**STORED DATA**.
· · · · · · ·
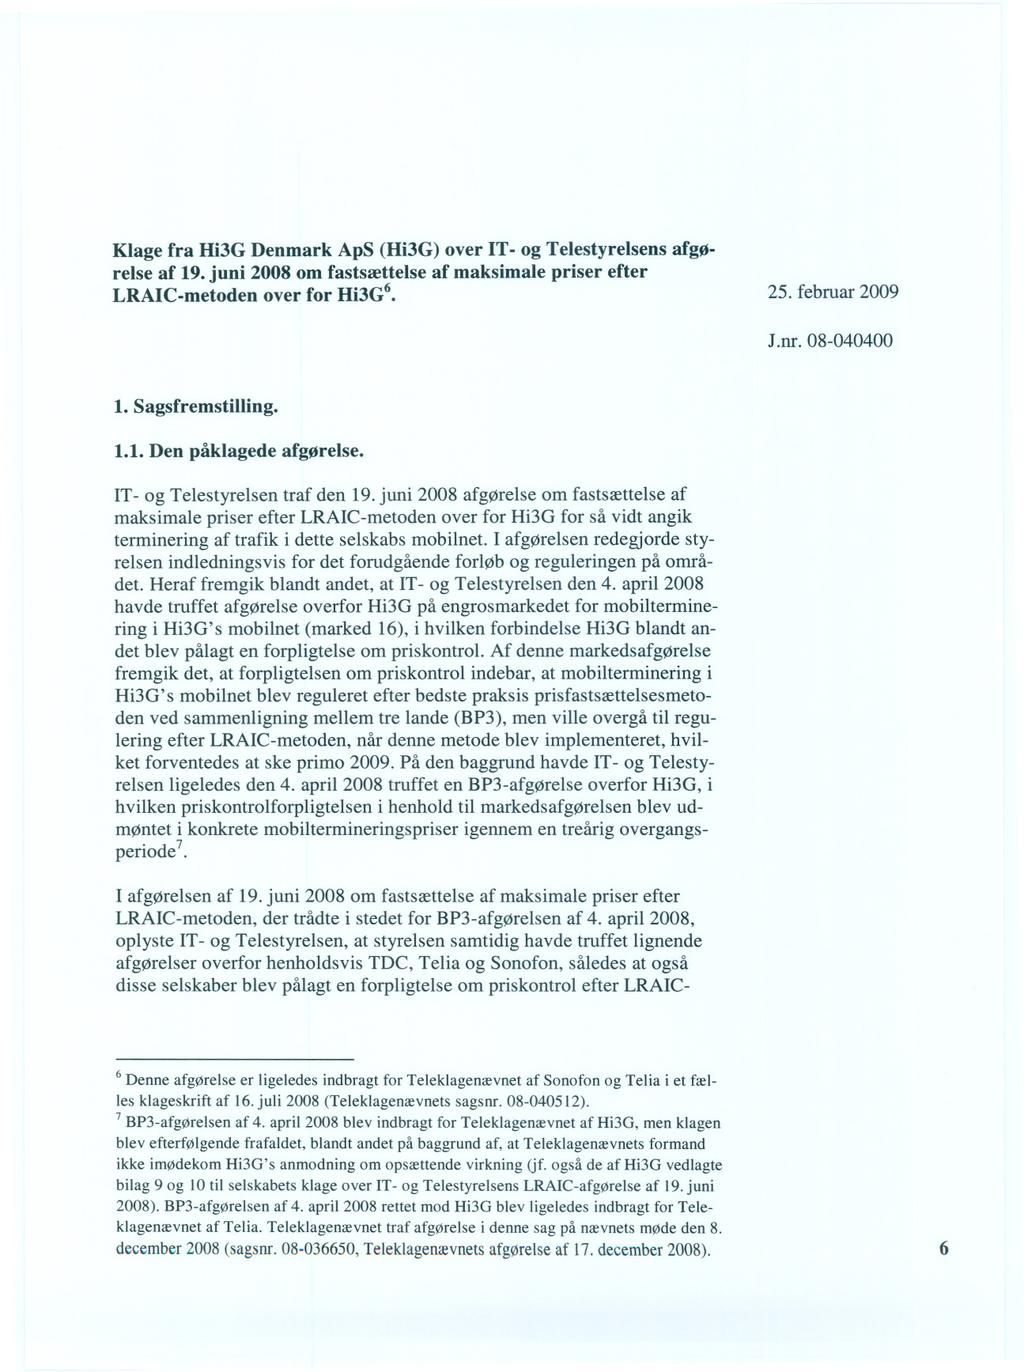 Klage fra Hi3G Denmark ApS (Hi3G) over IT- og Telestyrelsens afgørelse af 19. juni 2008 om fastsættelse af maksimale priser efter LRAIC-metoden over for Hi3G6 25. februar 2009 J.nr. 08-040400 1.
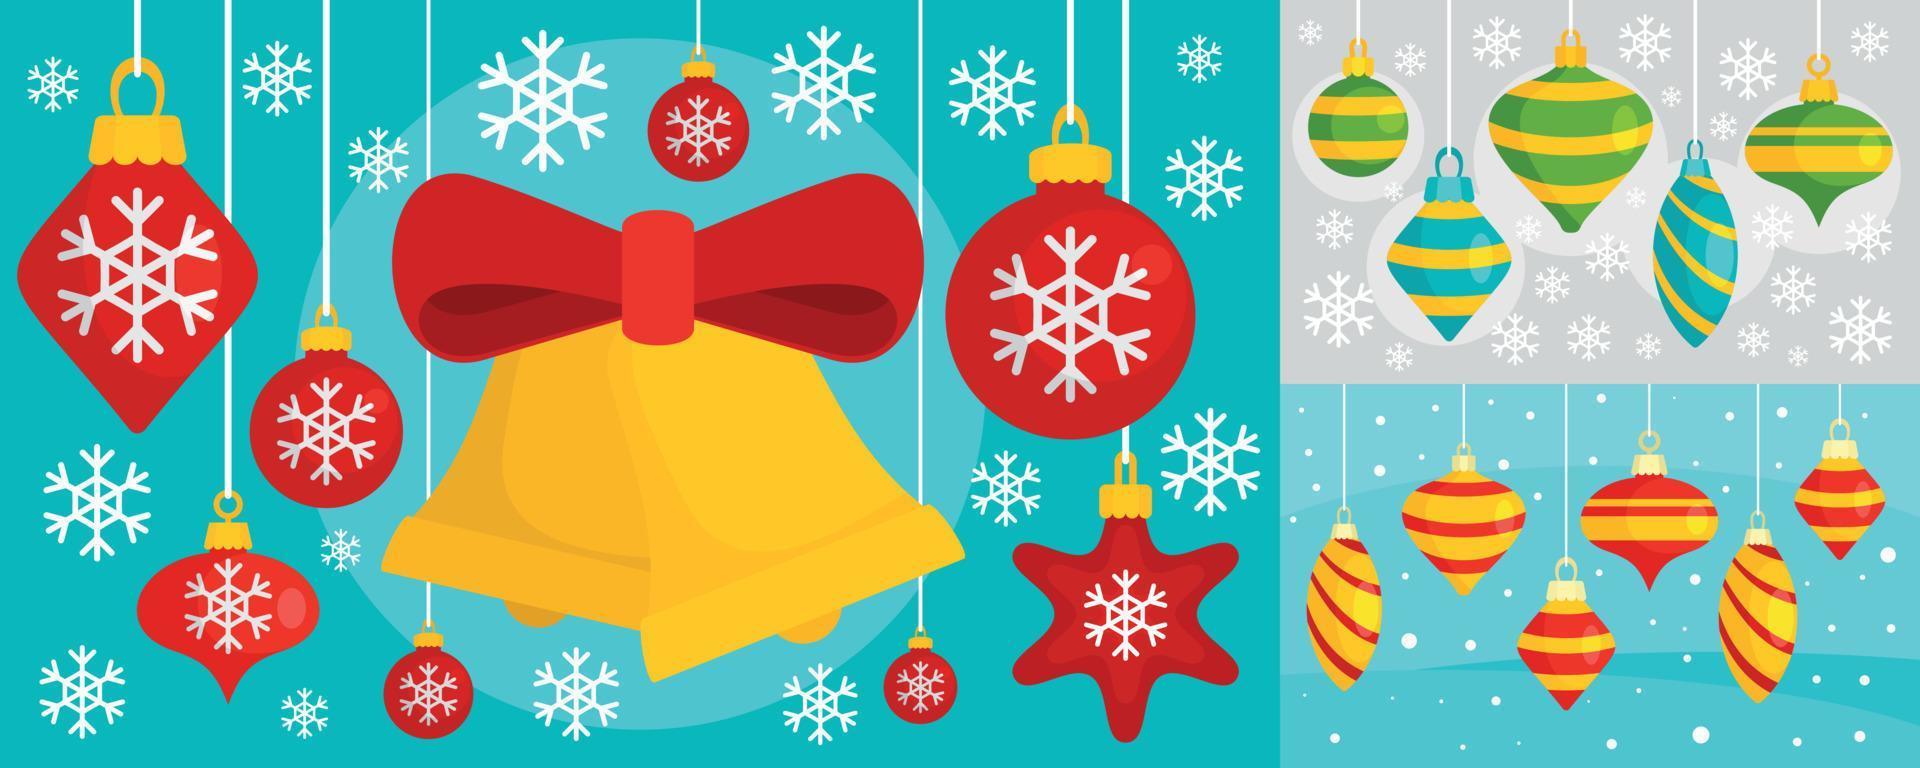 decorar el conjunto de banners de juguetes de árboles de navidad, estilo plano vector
· · · · · · ·
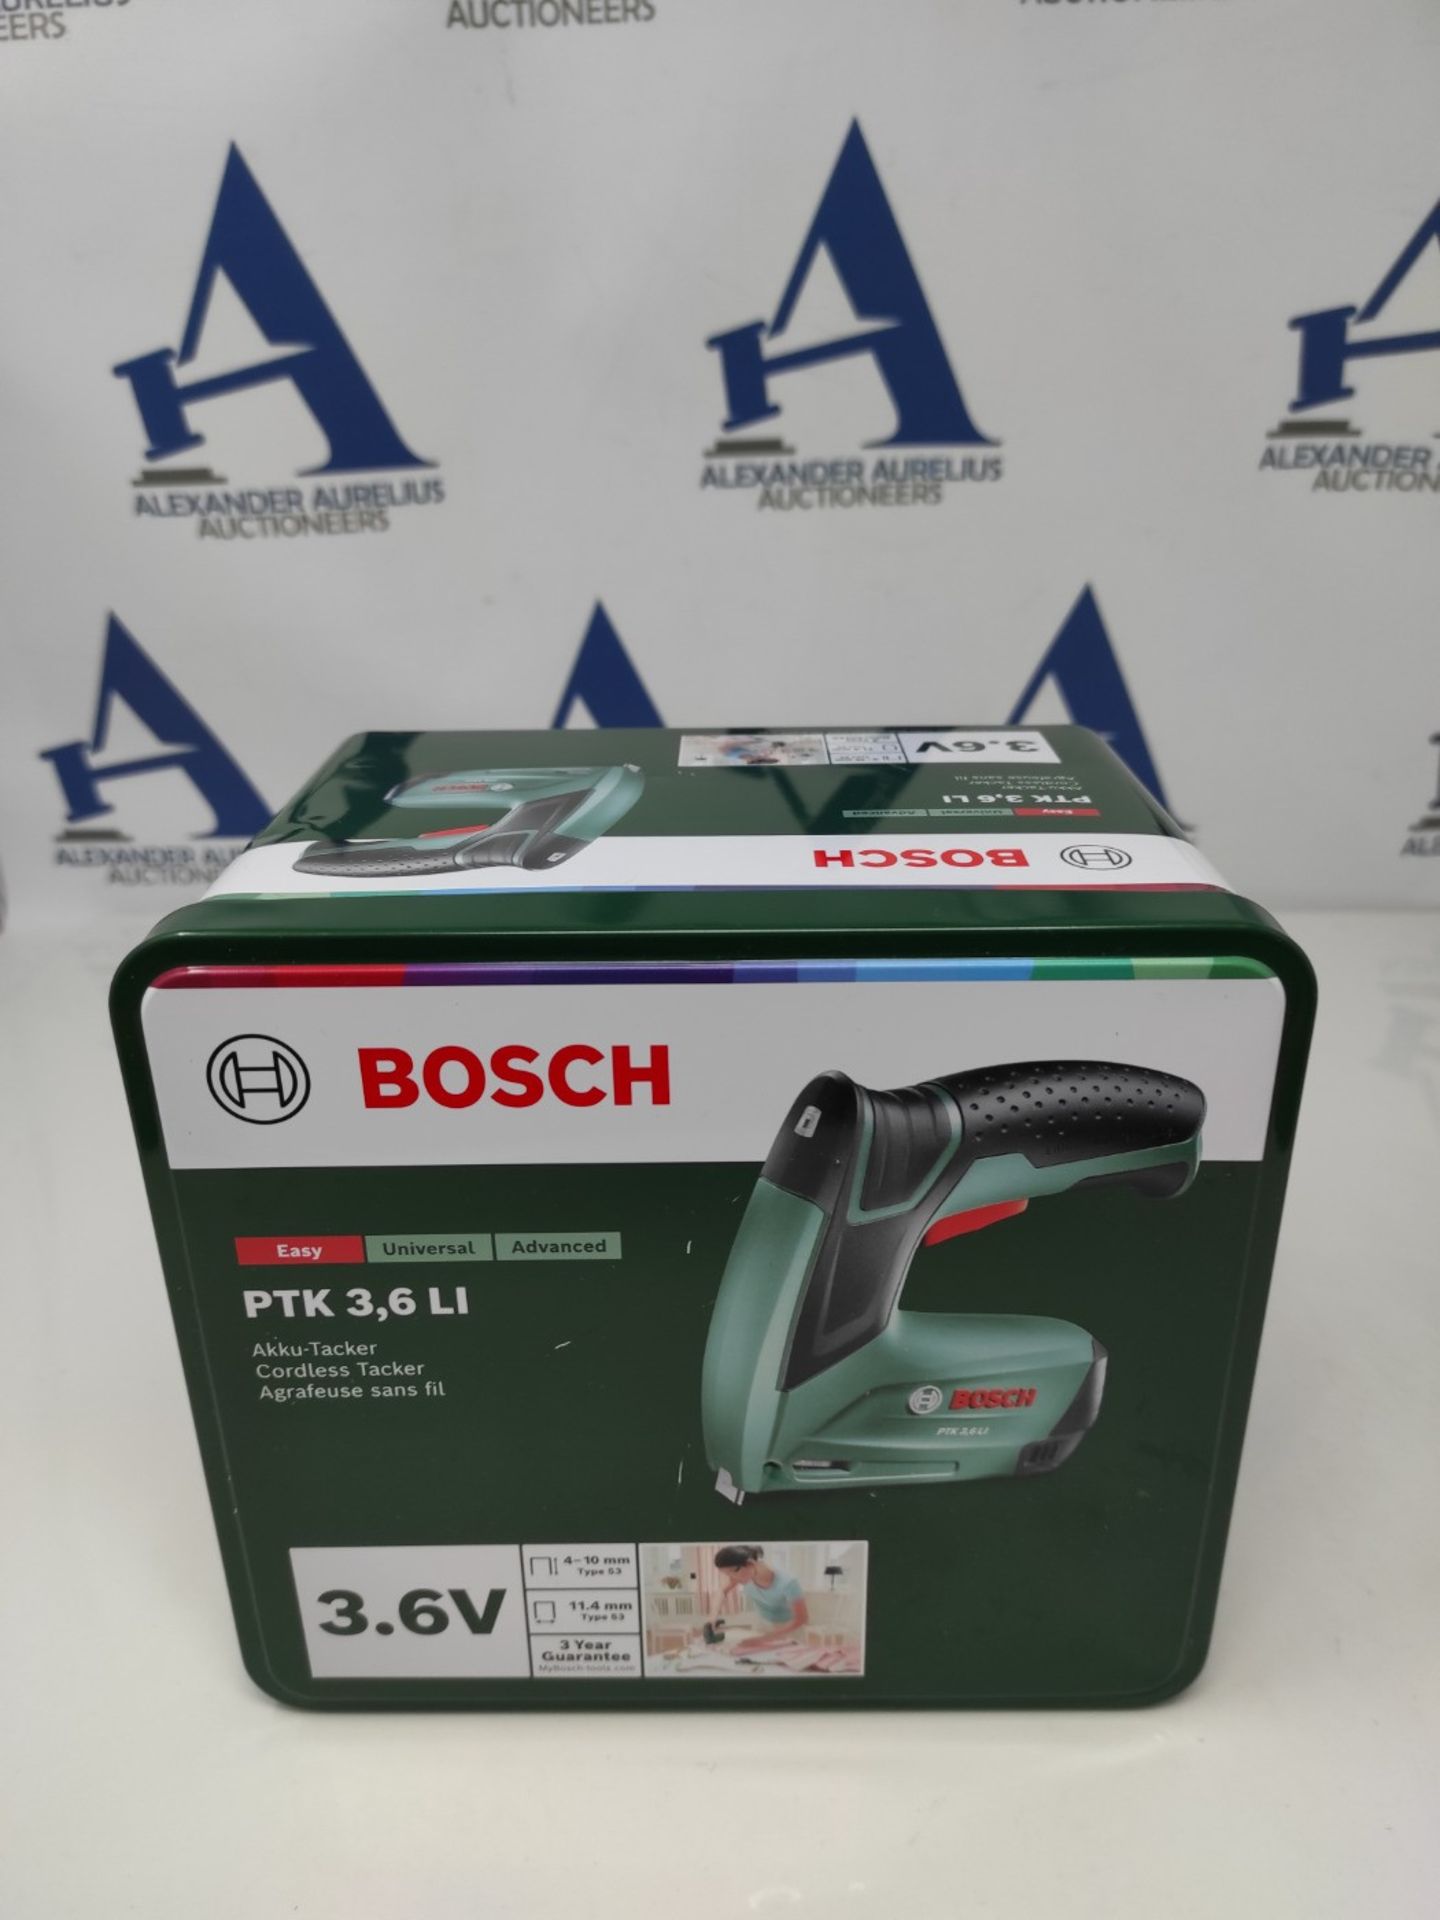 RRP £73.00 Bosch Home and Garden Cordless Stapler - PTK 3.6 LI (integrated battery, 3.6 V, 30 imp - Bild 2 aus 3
· · · · · · ·
**BRIEF**. Transcribe, word for word, the lines of the listing above from the one that contains "Klage fra Hi3G" through the one that contains "decorar el conjunto", keeping both ends and dropping the pictures.

**EXERCISE RESPONSE**.
 Klage fra Hi3G Denmark ApS (Hi3G) over IT- og Telestyrelsens afgørelse af 19. juni 2008 om fastsættelse af maksimale priser efter LRAIC-metoden over for Hi3G6 25. februar 2009 J.nr. 08-040400 1.
 decorar el conjunto de banners de juguetes de árboles de navidad, estilo plano vector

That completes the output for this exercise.